§ **Given data**:
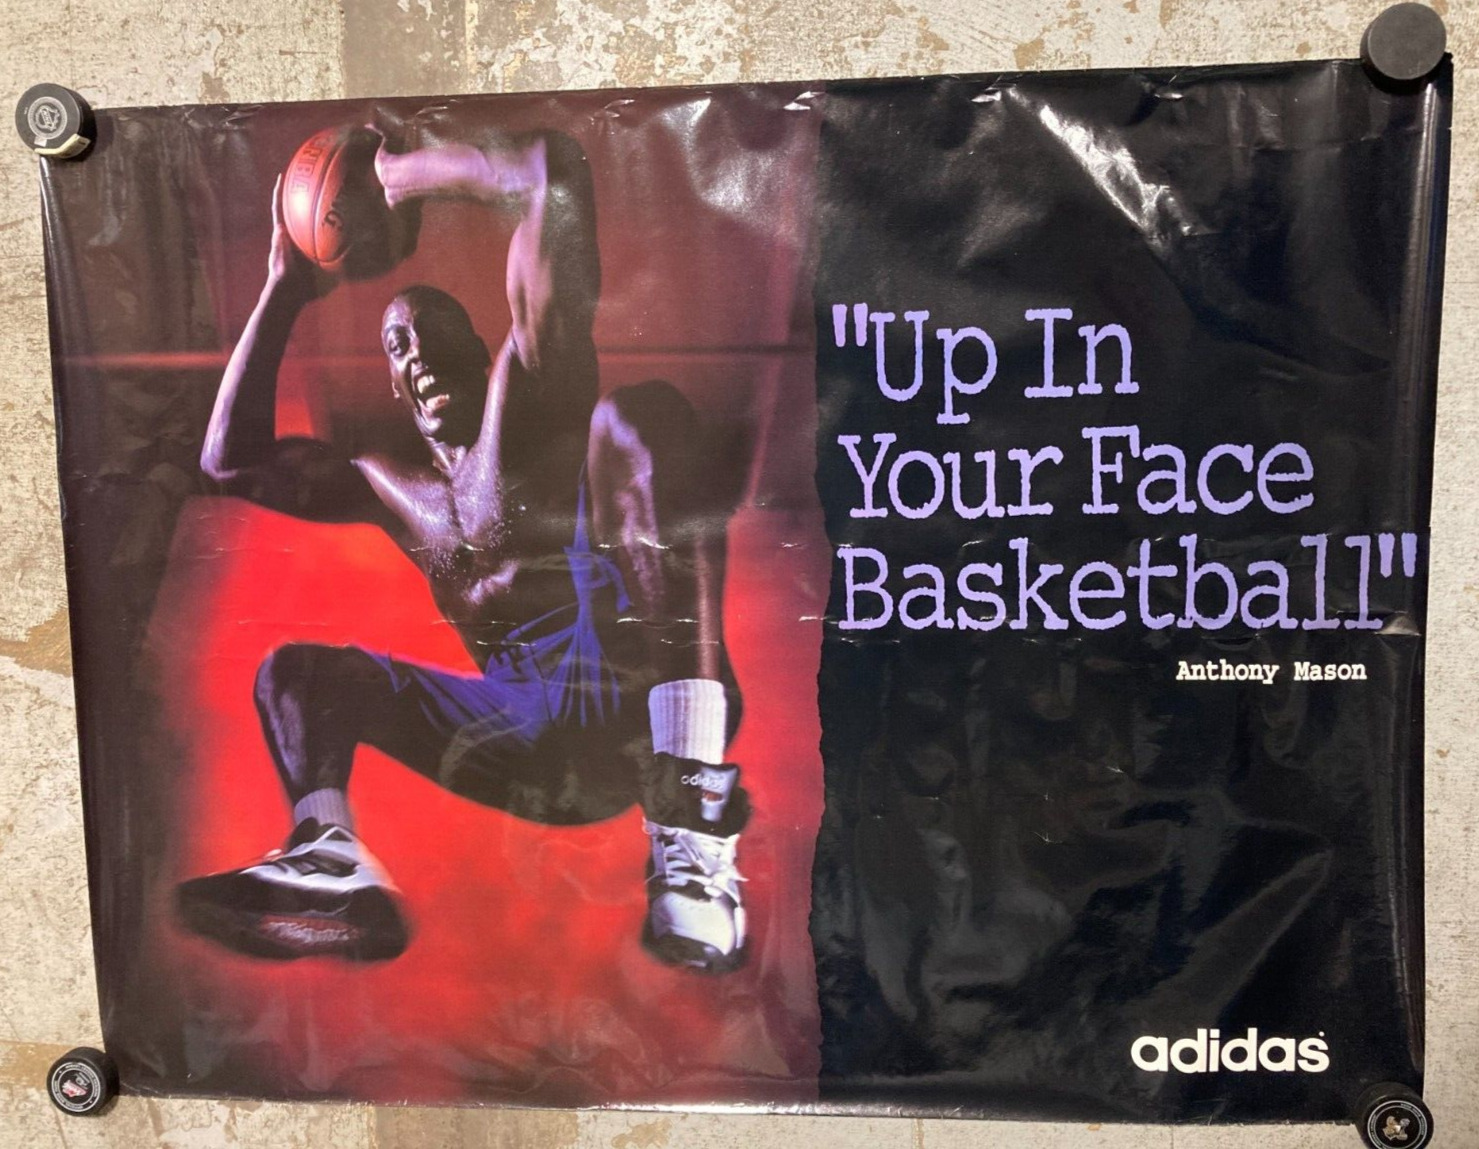 VINTAGE ADIDAS-NBA-ANTHONY MASON-UP IN YOUR FACE BASKETBALL* 44.5X58 POSTER PB24
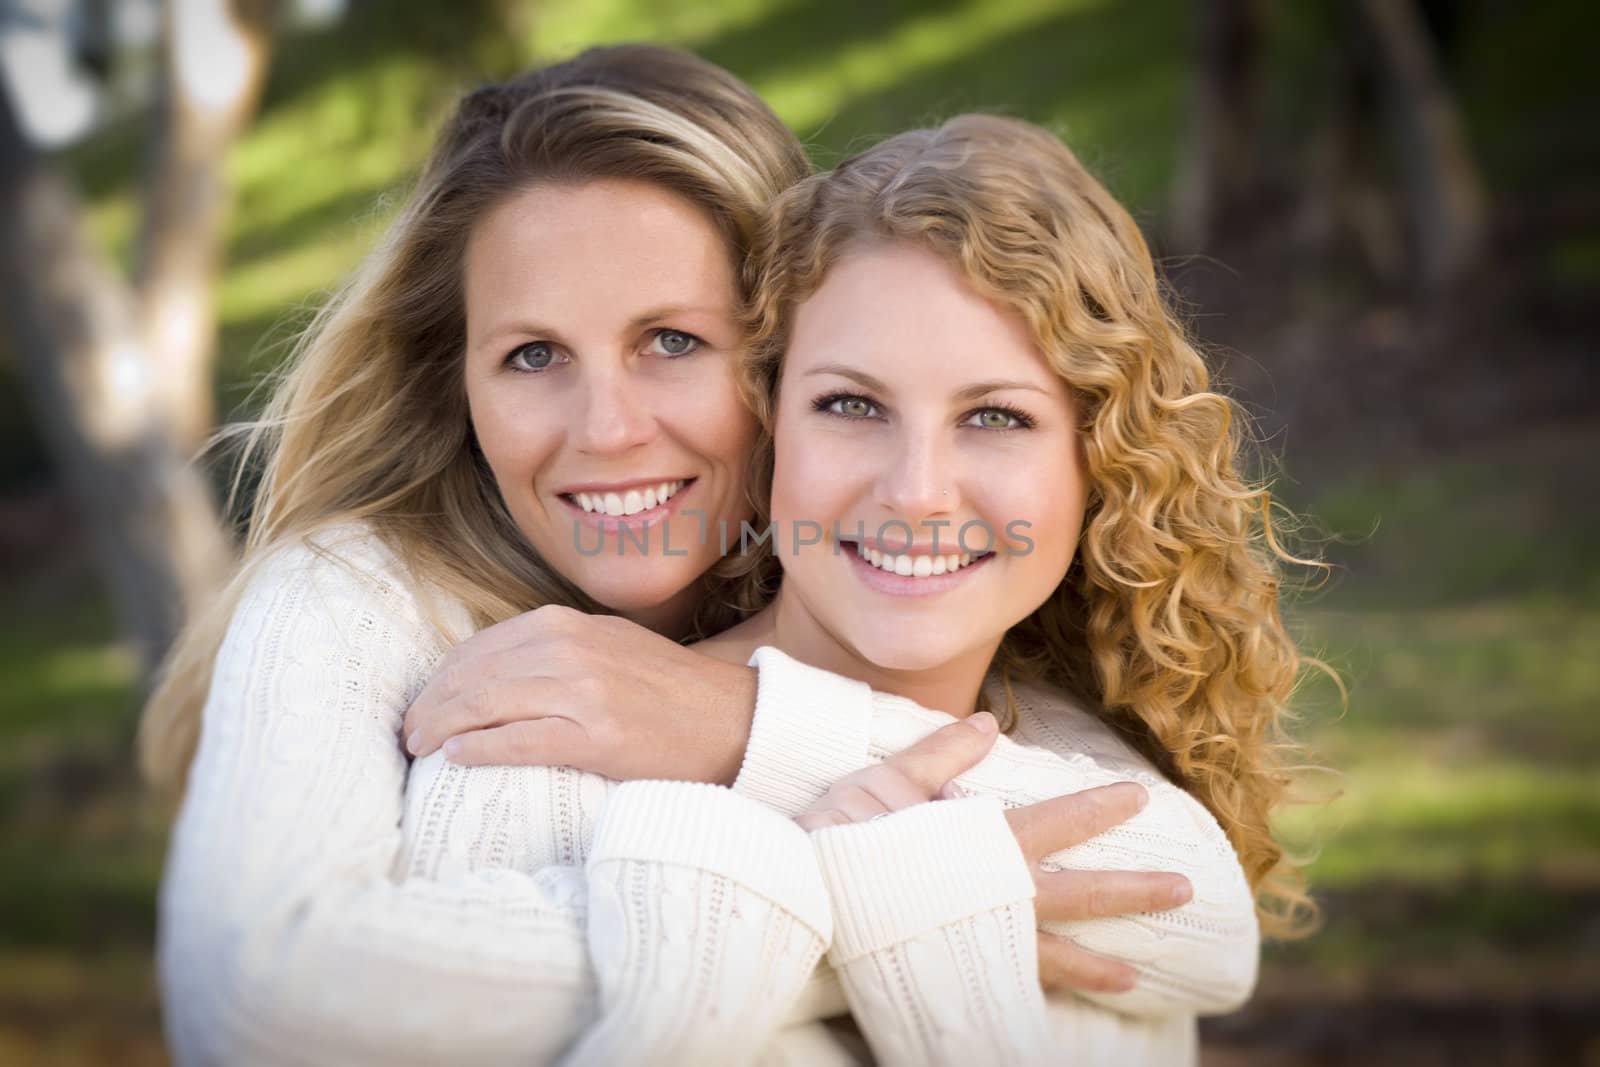 Pretty Mother and Daughter Portrait Hugging in the Park on a Fall Day.
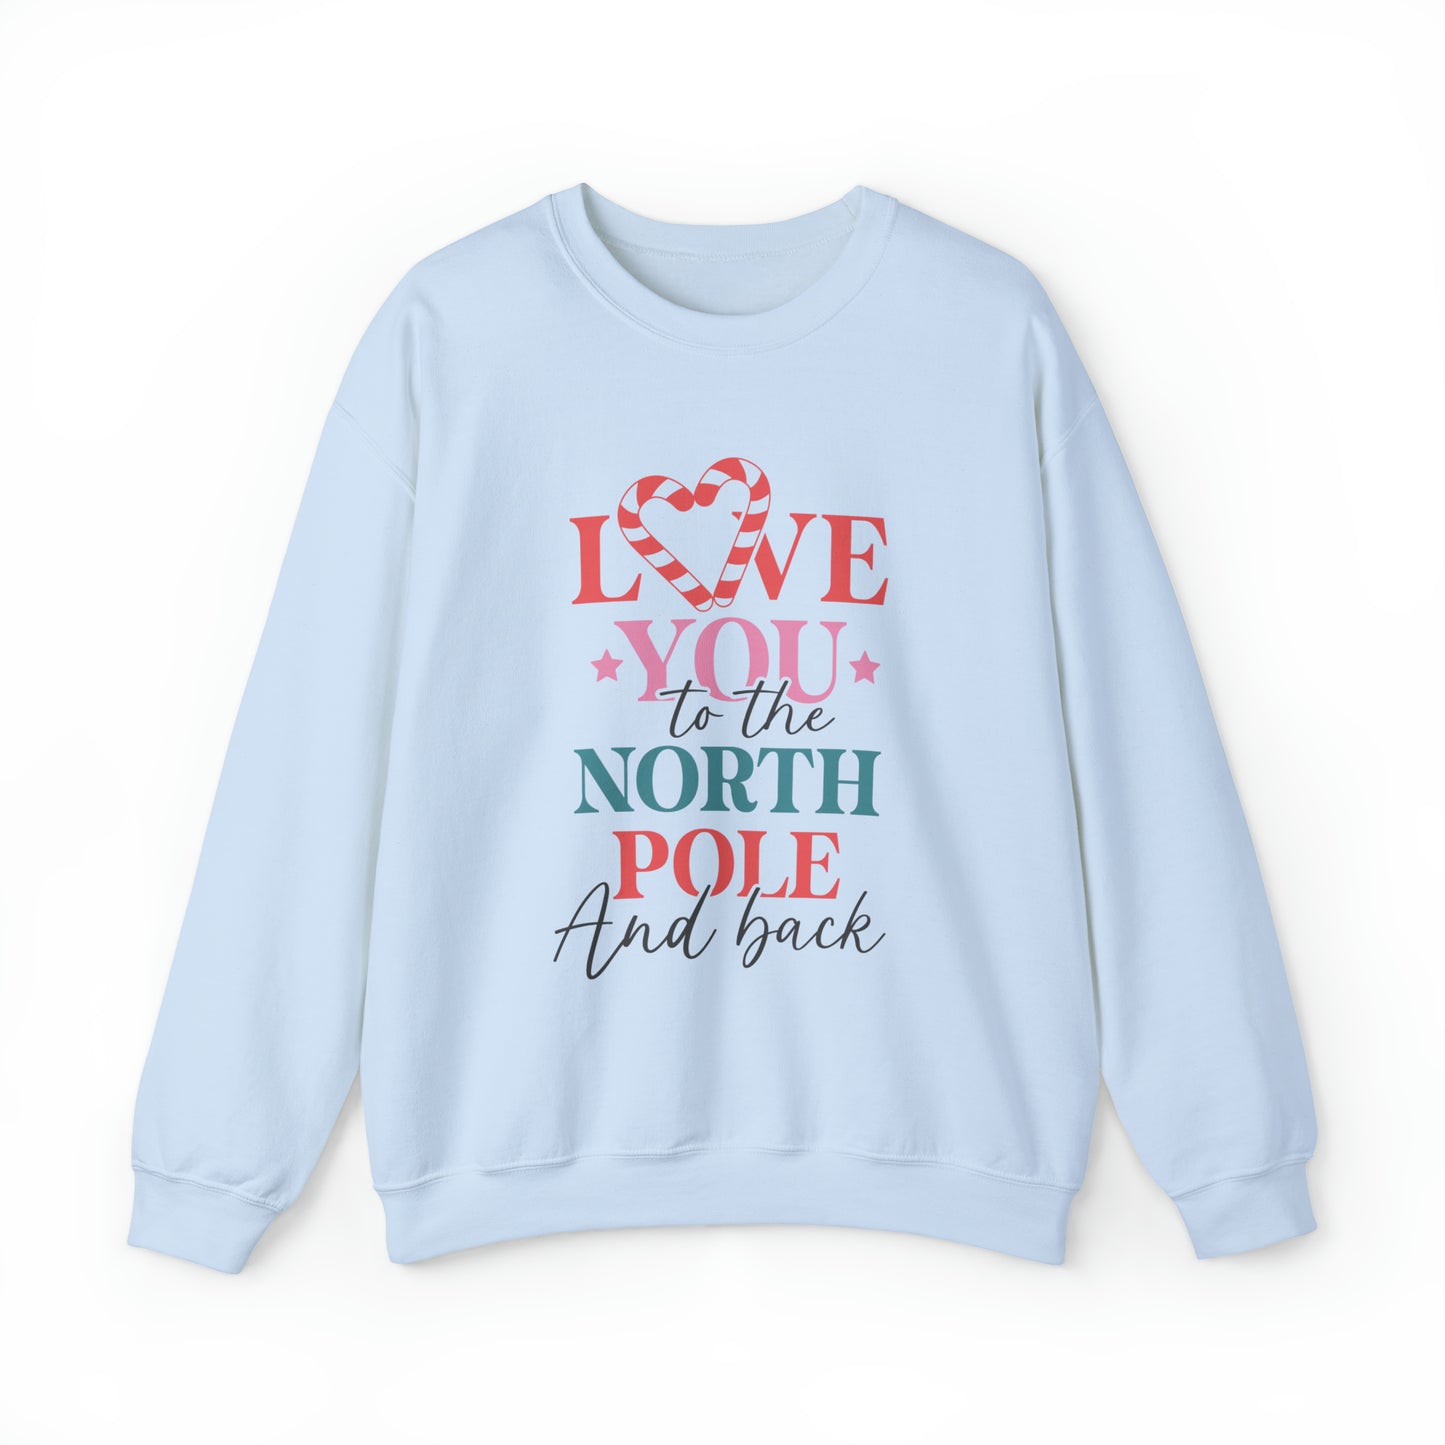 Love you to the north pole and back Women's Christmas Sweatshirt

§ **Your assignment**: The answer must consist solely of the lines from the one with "Pretty Mother and" through the final line of the data, each reproduced exactly and with pictures omitted.

§ **Task solution**:
 Pretty Mother and Daughter Portrait Hugging in the Park on a Fall Day.
 Love you to the north pole and back Women's Christmas Sweatshirt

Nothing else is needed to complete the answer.